• Data provided
__________________________________________________

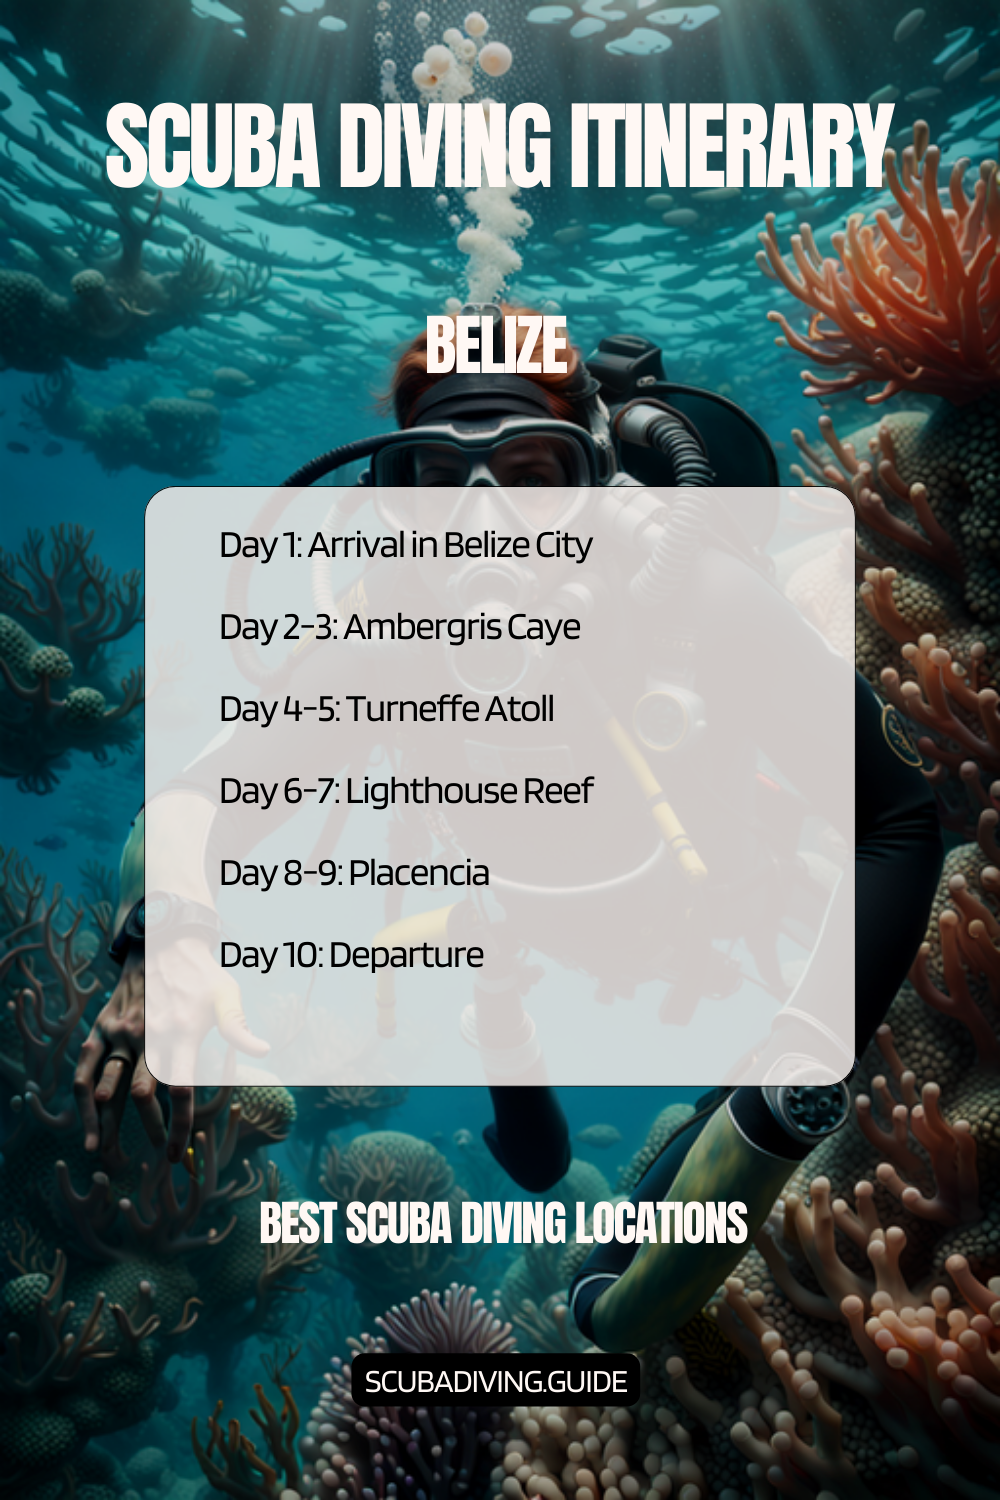 Belize Recommended Scuba Diving Itinerary
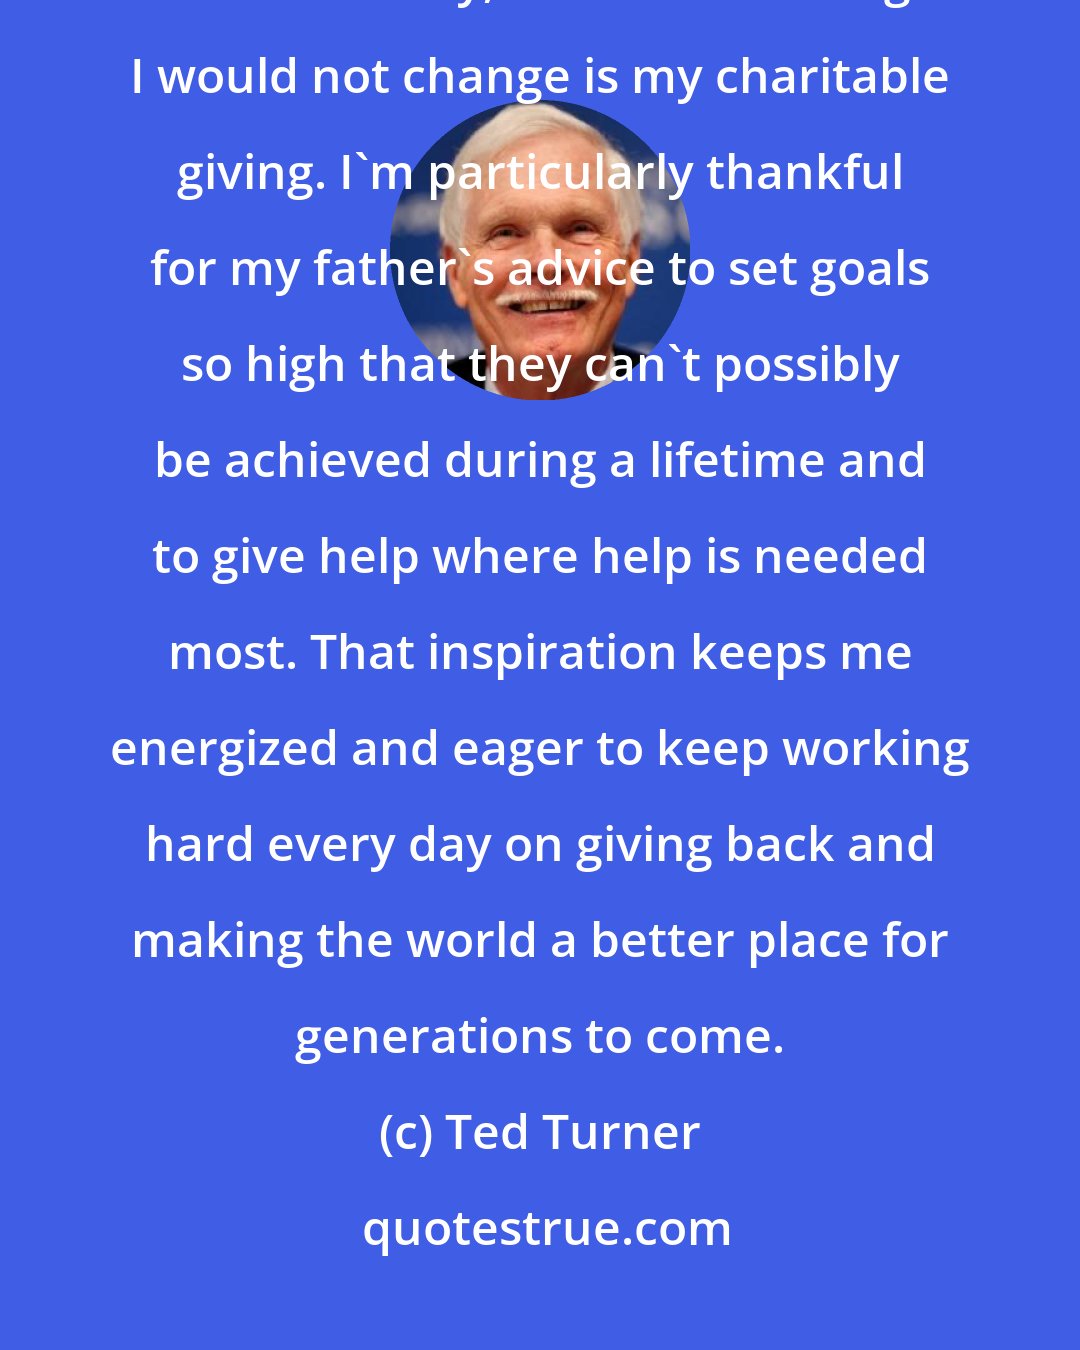 Ted Turner: Looking back, if I had to live my life over, there are things I would do differently, but the one thing I would not change is my charitable giving. I'm particularly thankful for my father's advice to set goals so high that they can't possibly be achieved during a lifetime and to give help where help is needed most. That inspiration keeps me energized and eager to keep working hard every day on giving back and making the world a better place for generations to come.
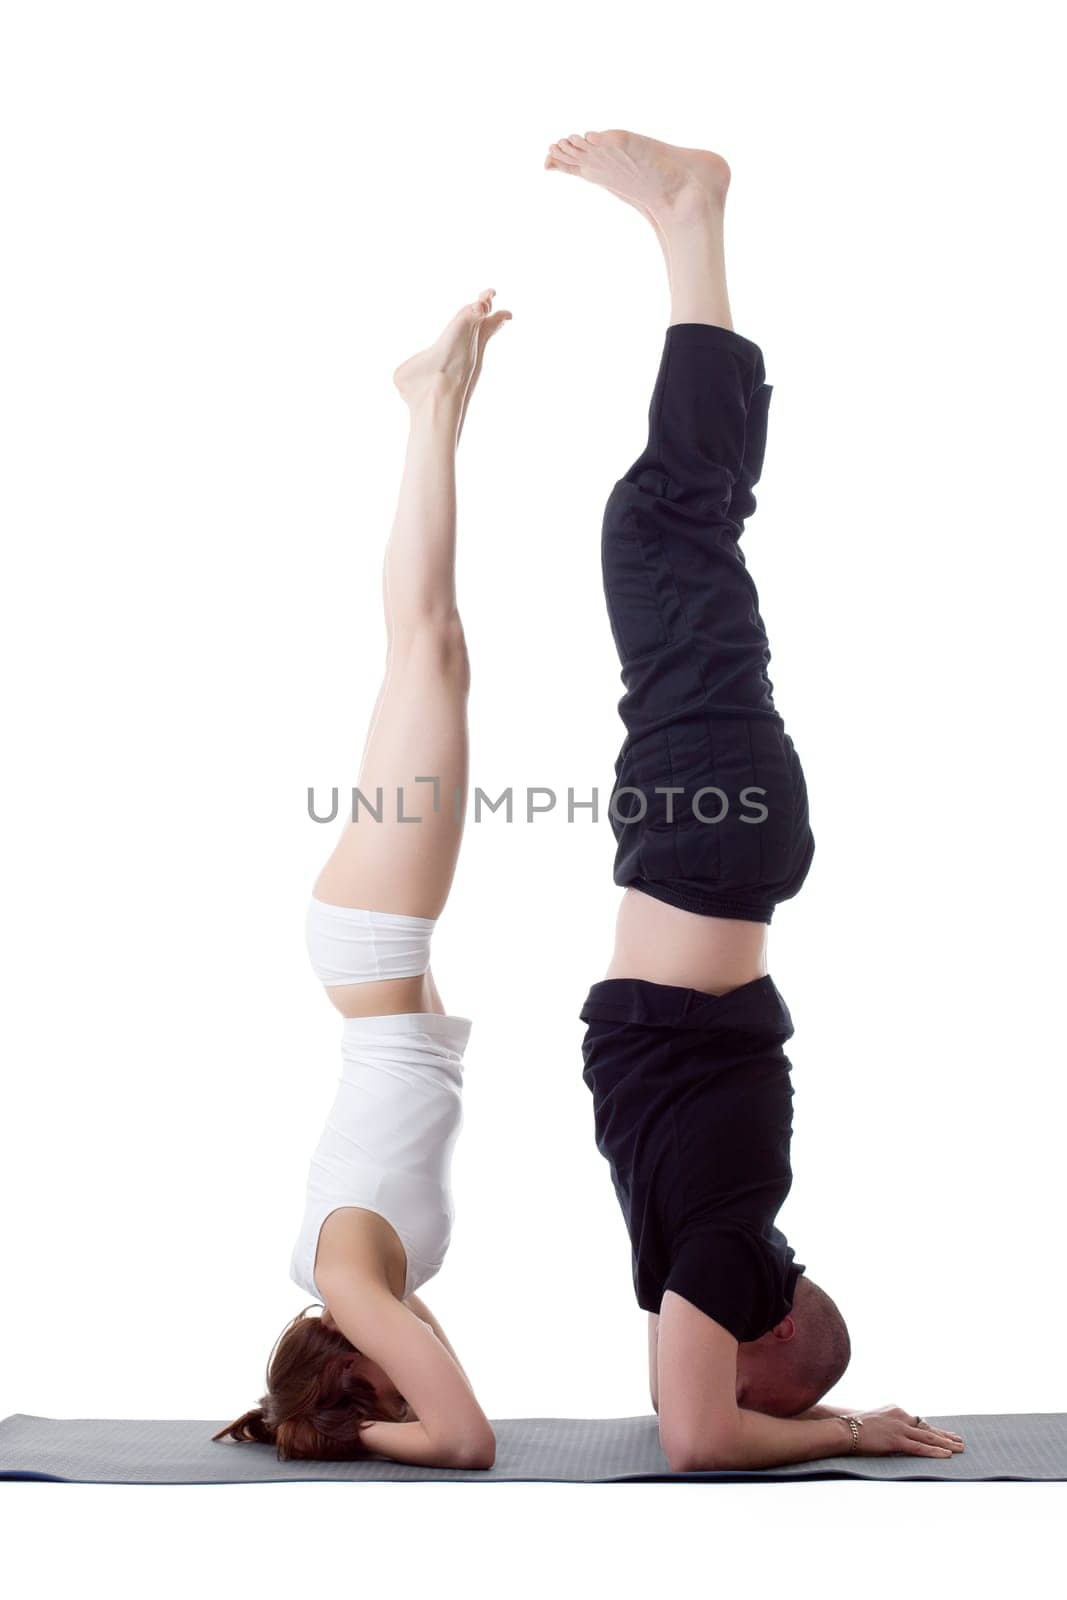 Pair of flexible yoga trainers doing handstand by rivertime
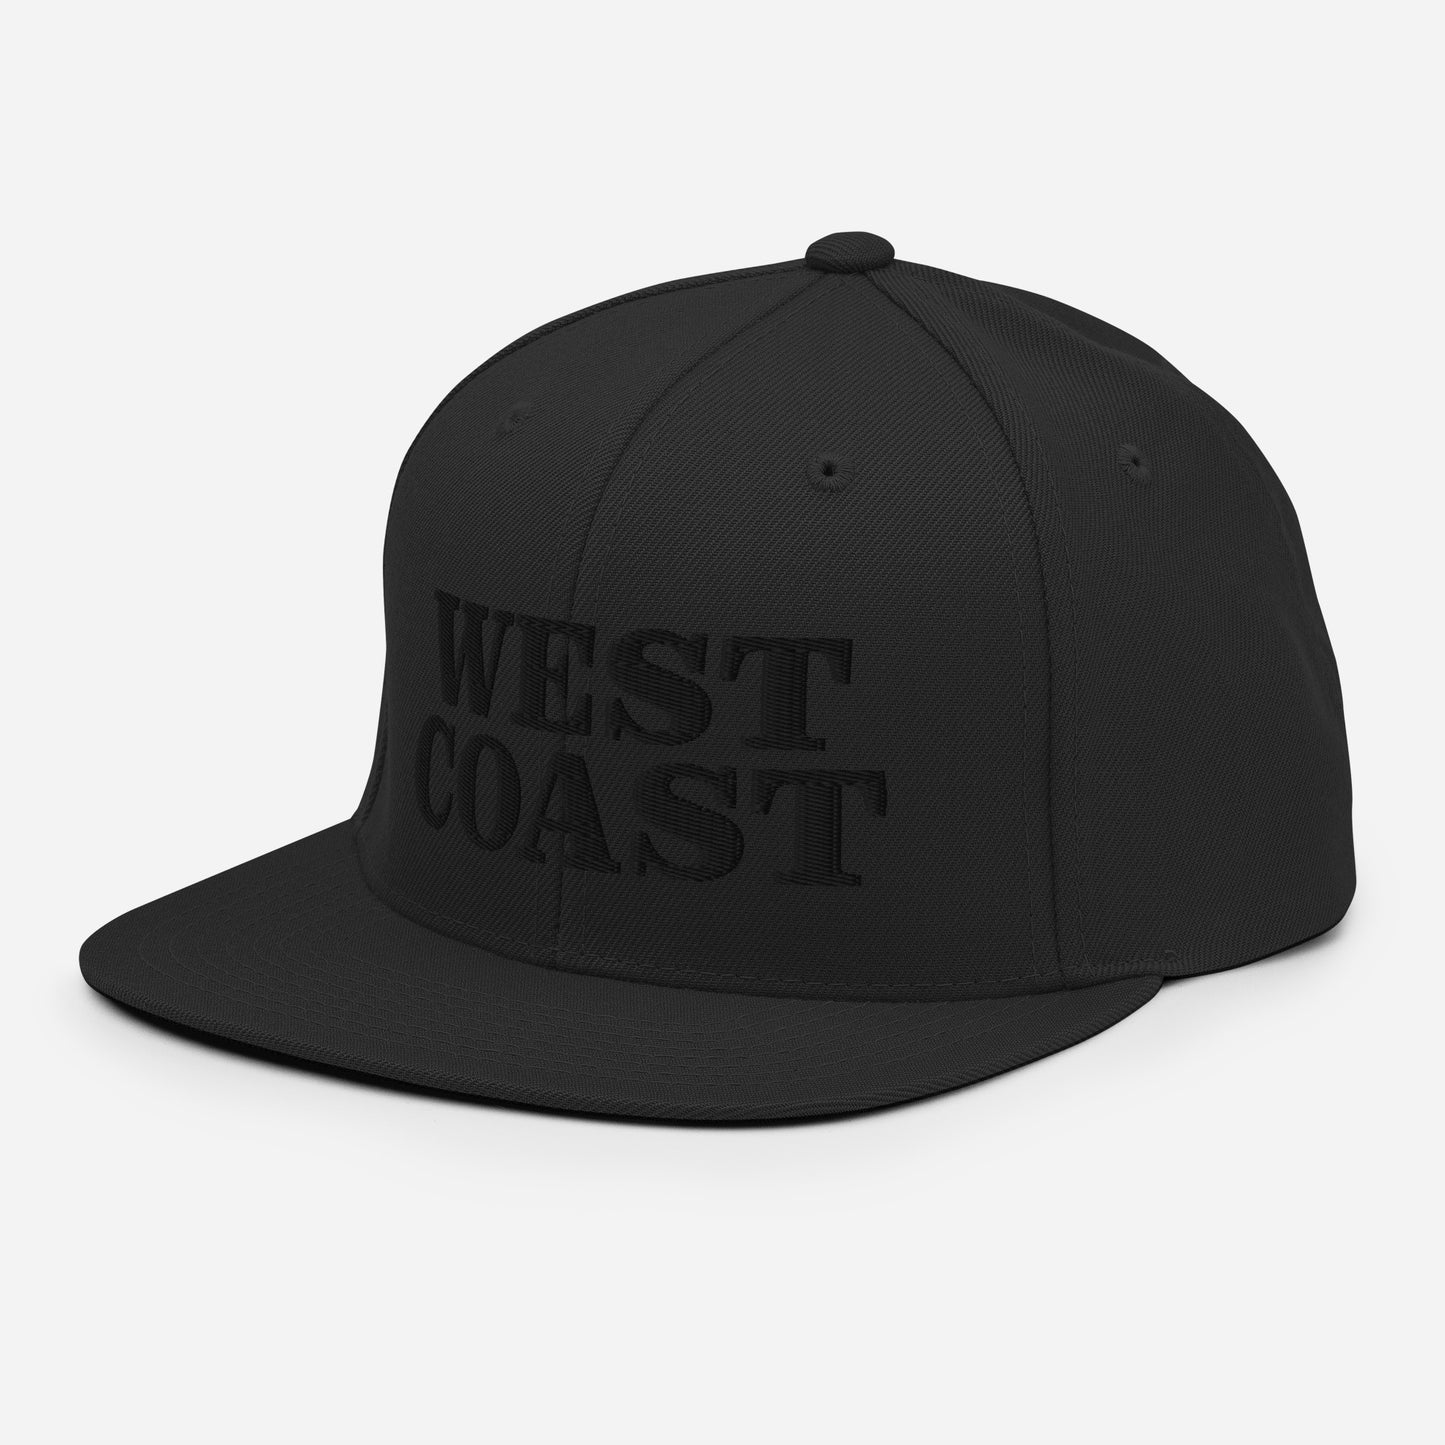 West Coast | Classic Snapback Hat | Embroidered

__________________________________________________

Apart from the images, reproduce the listing exactly as it appears.

• Output of the task
 Belize Recommended Scuba Diving Itinerary
 Ted Turner: Looking back, if I had to live my life over, there are things I would do differently, but the one thing I would not change is my charitable giving. I'm particularly thankful for my father's advice to set goals so high that they can't possibly be achieved during a lifetime and to give help where help is needed most. That inspiration keeps me energized and eager to keep working hard every day on giving back and making the world a better place for generations to come.
 Pair of flexible yoga trainers doing handstand by rivertime
 West Coast | Classic Snapback Hat | Embroidered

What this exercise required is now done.